During this year I started social skills training and one of my clearest memories was when they taught me how to make eye contact. I was in one of the bigger rooms with the skylights shining so bright they didn’t need to turn the lights on. The social skills trainer was trying to make me make eye contact. She talked about how I should try to do it even if I was uncomfortable, telling me that otherwise making friends would be really hard. I remember the cold, hard chairs and feeling scared because there must be something wrong with me. I make eye contact now because I figured out how to focus on the forehead.
When I was 10 things started turning around a little. I had been diagnosed with ADHD by the counselor. I was allowed to fidget a little and it was freeing. I was still bullied, but I was making friends, or at least people who didn't snicker at me. When Covid hit Switzerland and Basel, the school was called off. I was at home doing my assignments at my own pace. Even though I would be moving back to America soon, it was freeing, and I did better than I ever had even if covid had a toll on my mental health.
I looked back at all of these years, and I felt so many emotions but the most prominent one was anger. How dare they! I thought fuming. I was a child in elementary school and the people who were supposed to help me had repeatedly been bullies just as much as my actual bullies. I had been emotionally abused and turned into a self-loathing anxious mess, a state of which I was still pulling myself out. I was in flight and fight mode in school, which was supposed to be a safe space and none of the adults there, even the ones who had helped kids as their job, refused to do anything. I was angry that I had thought of my skills as a bad thing, angry that I had been lagging behind others for no reason, and most of all angry that a child was exposed to so many bigoted ideas about “normal” that I had internalized them. I wanted to scream and cry and kick down the door to my elementary school to tell the teachers and counselors exactly where they could shove their bigotry.

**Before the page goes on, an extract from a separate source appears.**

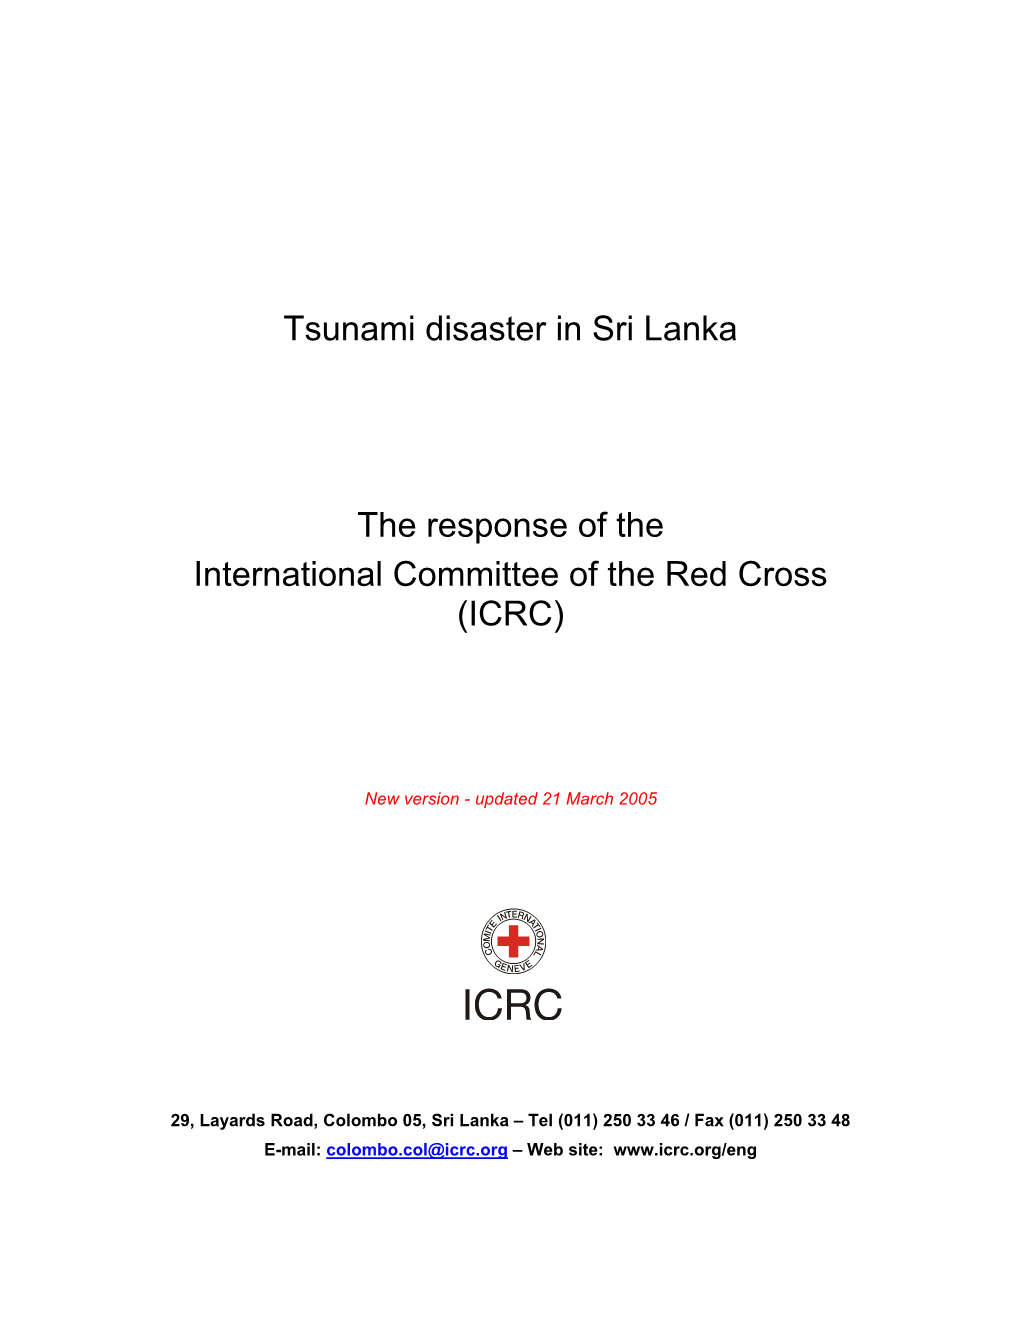 Tsunami Disaster in Sri Lanka the Response of the International

Nobody had tried to protect the child I had been and that hurt more than any of the other revelations. Until I remembered that I was still a child and my childhood wasn’t over yet. Nobody could change the past, nobody could make it so that the child I once was could feel safe except me right now, present in the moment. Even though I am still hurt from the years of bigotry and bullying, I am alive right now, at the moment, and I am helping the small scared child that I was and still am overcome their trauma every day. I am autistic and that is amazing. I am alive. My care is strong, vocal, energetic, unconditional, and healing more every day.